Avant que le PLR ne commence cette politique suicidaire, mon pronostic était que ce serait surtout le PDC qui saignerait aux prochaines élections, par l'effet boomerang de l'intrigue du douze décembre 2007. (Ce puputsch qui a refusé la réelection - pour la première fois depuis la fondation de la Suisse moderne - d'un conseiller fédéral sortant). Je pensais que comme le PLR ce jour là avait été, au moins en apparence, loyal envers son allié UDC, il serait moins pénalisé que le PDC qui, dans cette affaire, est clairement apparu comme le Judas.

Si le PLR était resté loyal à l'UDC, je pense qu'il se serait maintenu cet automne. Mais là, il va être laminé et il donne une chance inespérée au PDC de s'en sortir un peu moins mal que prévu.

Reste à savoir pour quelle raison le PLR s'est lancé dans cette politique suicidaire. Vous nous indiquez discrètement la clé du mystère en parlant de compas et d'équerre. Les gardiens du temple sont en train de commettre un impair "epochal", comme dirait nos confédérés, par une sorte de vieux réflexe de Pavlov "front républicain" style troisième république. "A moi les enfants de la veuve, la république est en danger!" Moyennant quoi les frères, qui ont toujours eu beaucoup d'influence au parti radical (et même libélral), ont enjoint Pelli de se lancer dans cette voie suicidaire.

Les temps ont changé. On n'est plus dans l'époque de la défense républicaine. L'UDC - c'est là la grande erreur d'analyse - n'est pas antirépublicain, ou du moins elle est sociologiquement la vraie continuation du parti radical. Donc cette manoeuvre anachronique va se planter dans les grandes largeurs.

Écrit par : initié | 22/09/2011

@Initié, très intéressants, vos propos sur l'anachronisme.
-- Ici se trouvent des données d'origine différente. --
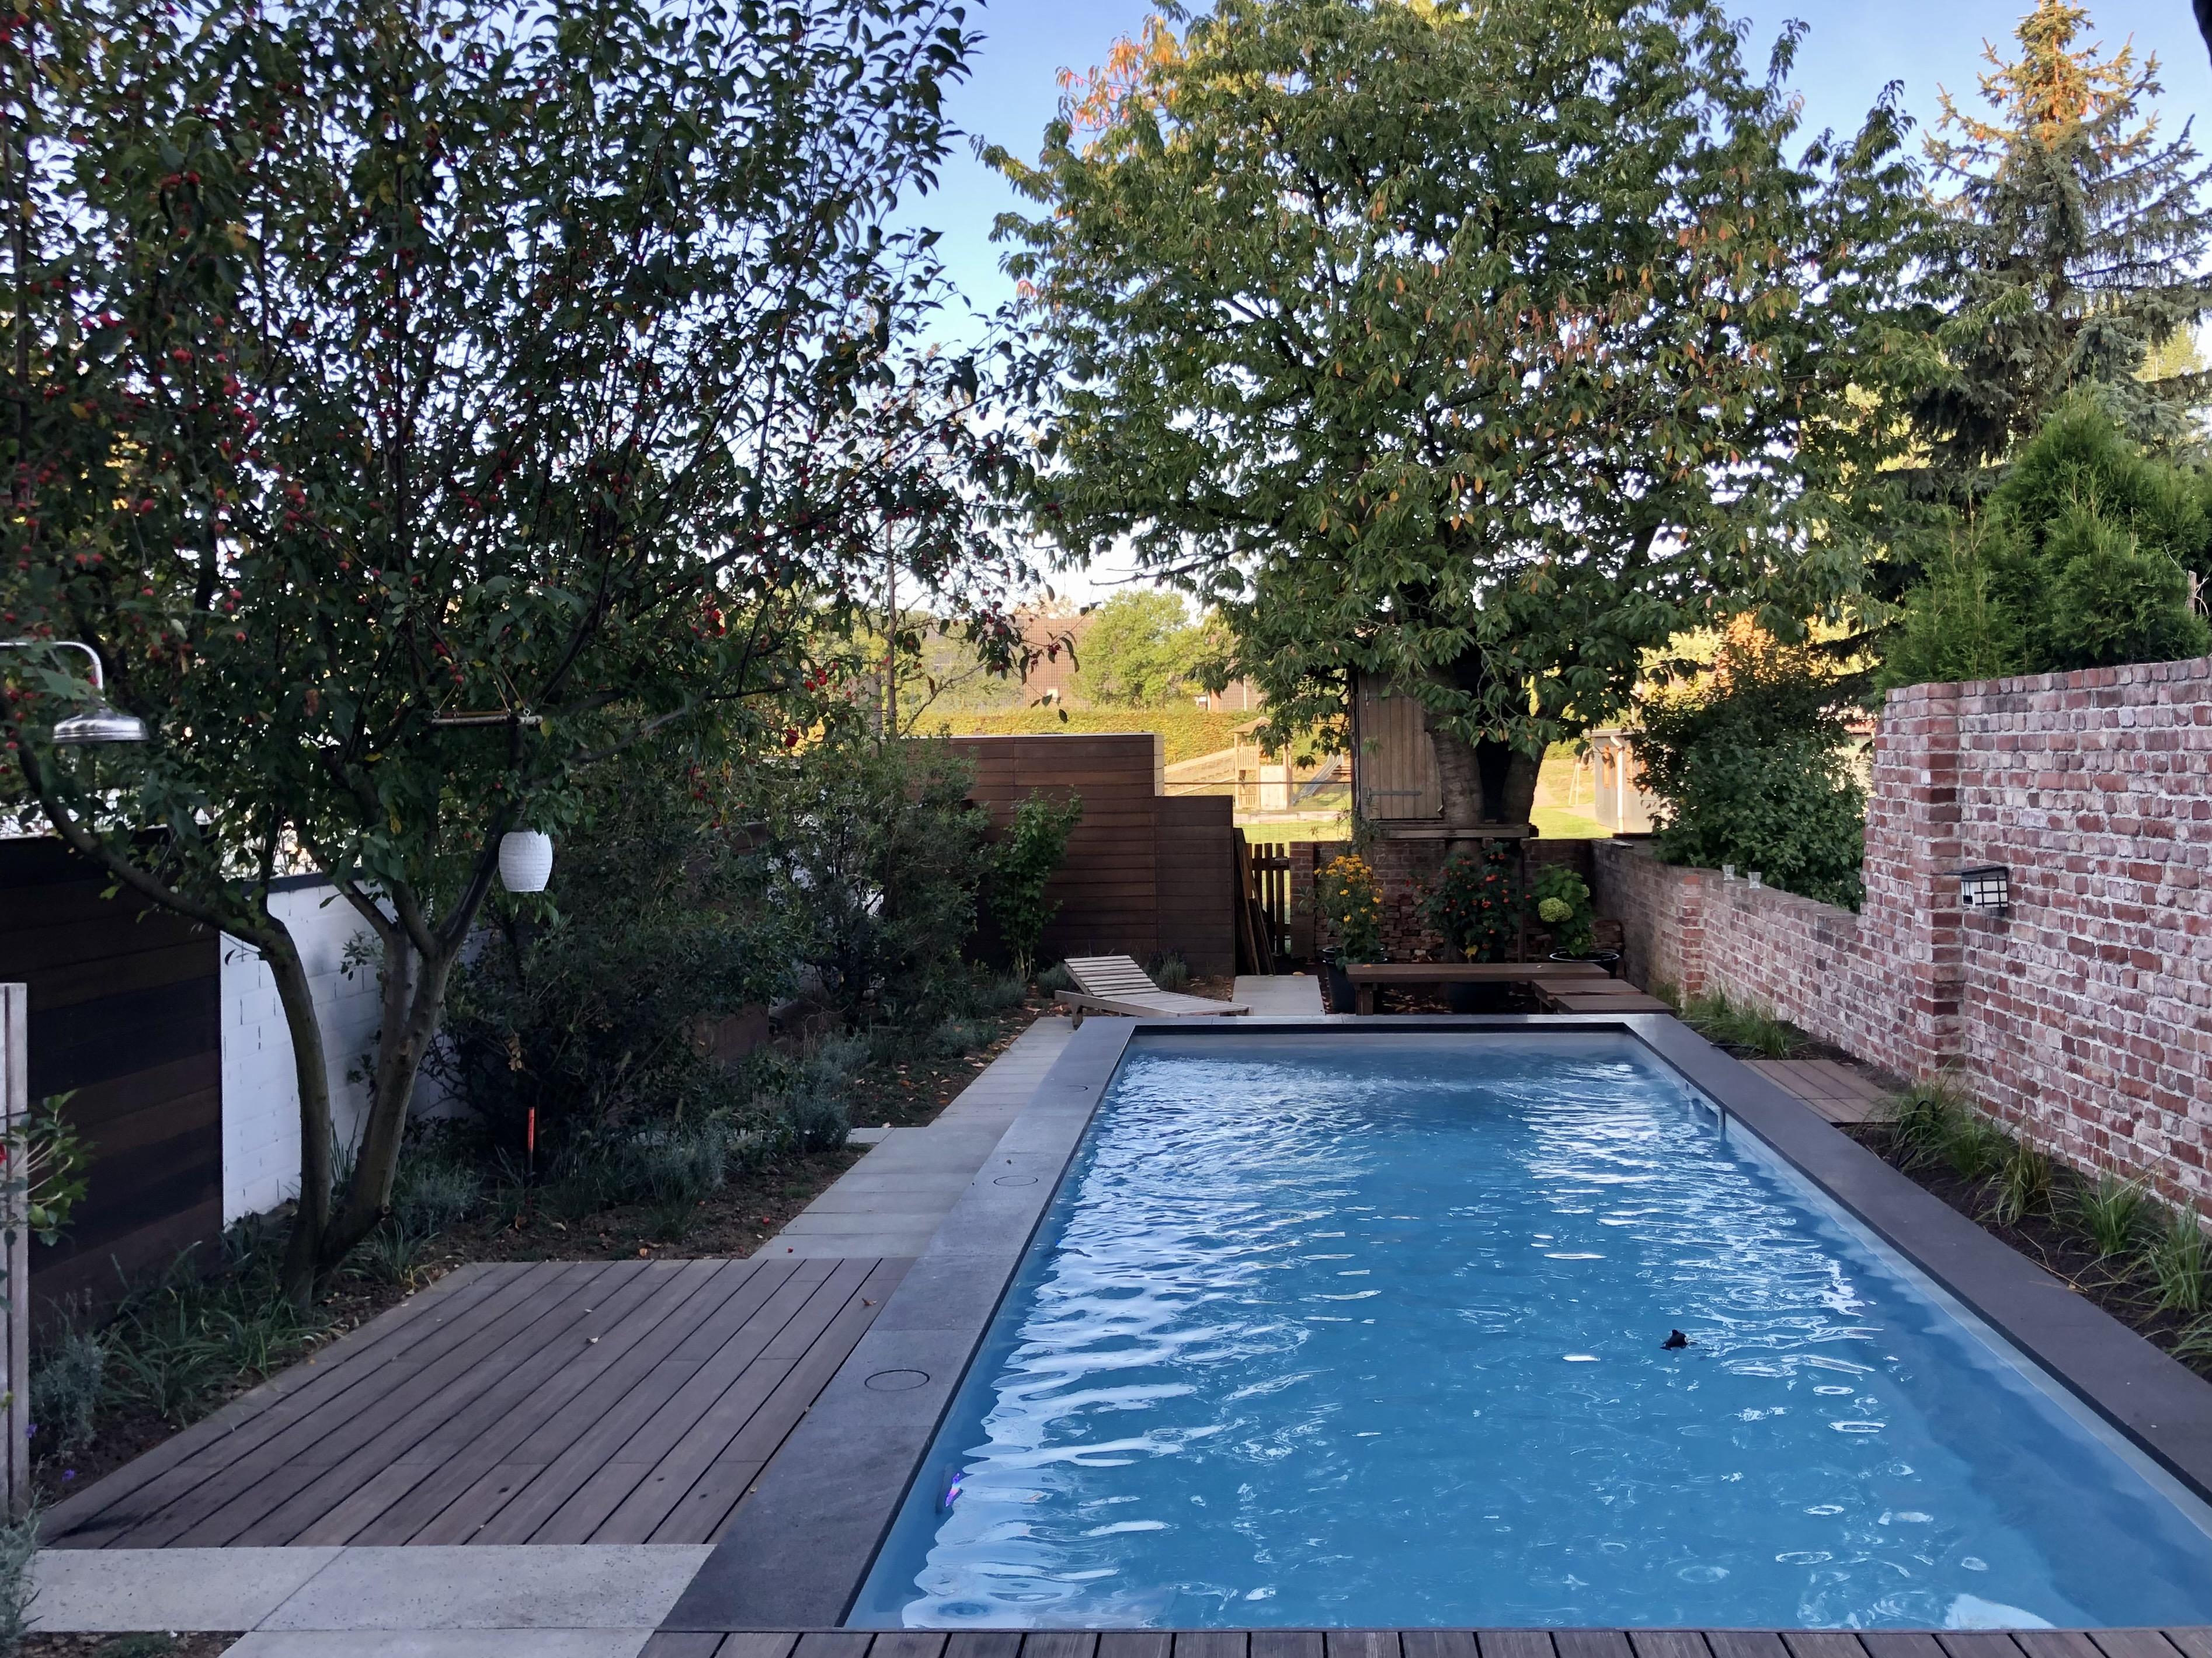 Modernes Poolbecken integriert in einen kleinen Garten
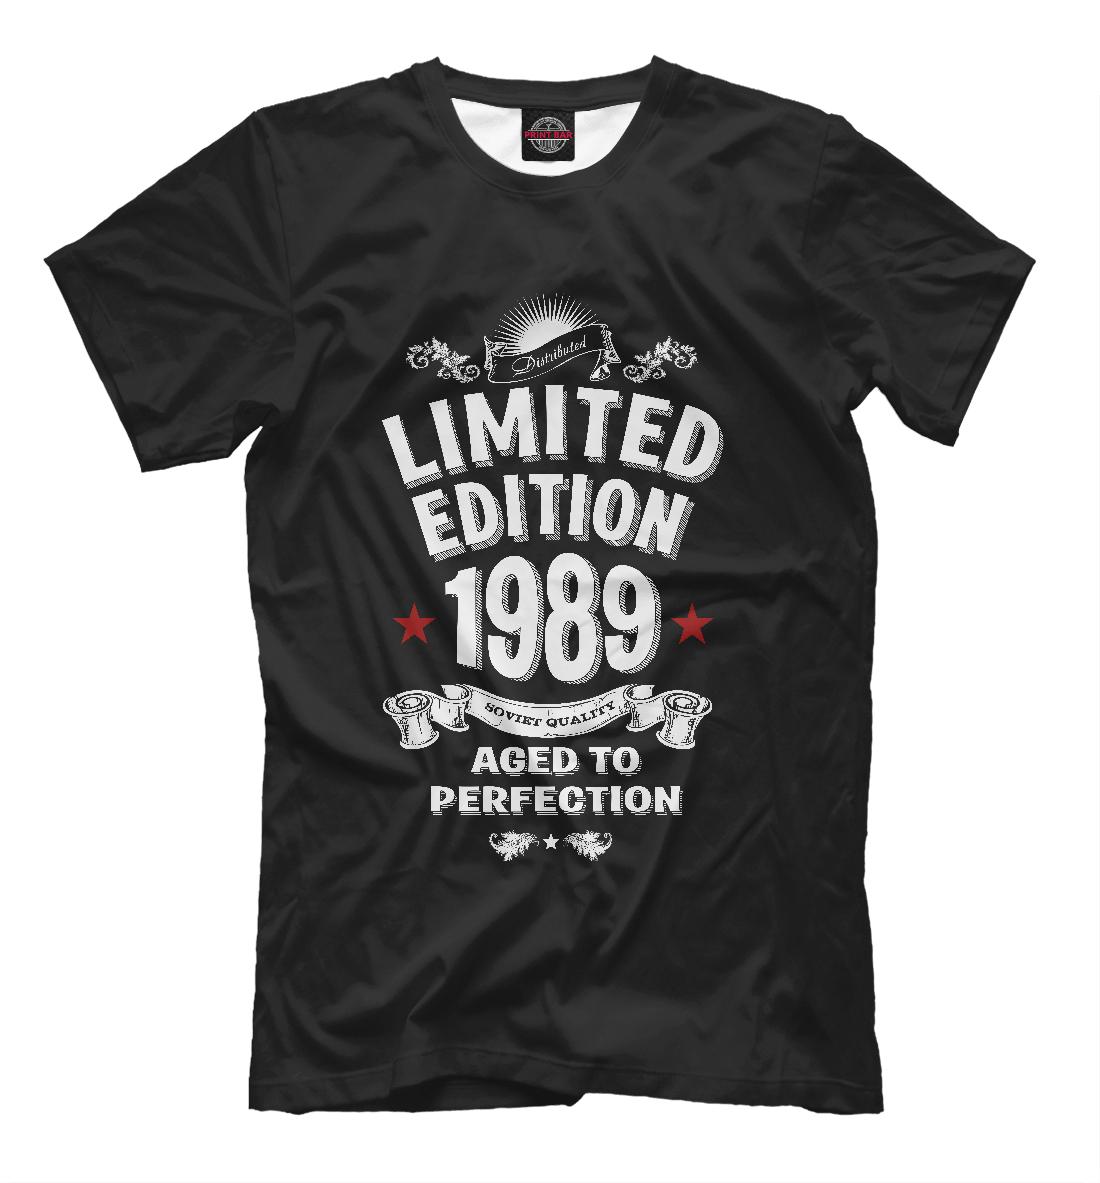 Купить Ограниченная серия 1989, Printbar, Футболки, DVA-131789-fut-2

Je le pense aussi, et ce serait essentiel de trouver les sources de cette difficulté qu'ont actuellement tous les partis à reconnaître leur électorat, ou à reconnaître que celui-ci a évolué. Cela donne des taux d'abstention impressionnantes, et, par manque de propositions sur les problèmes qui le concernent(ou à cause de tabous politiquement corrects), nombreux sont ceux qui intègrent le parti "des pêcheurs à la ligne".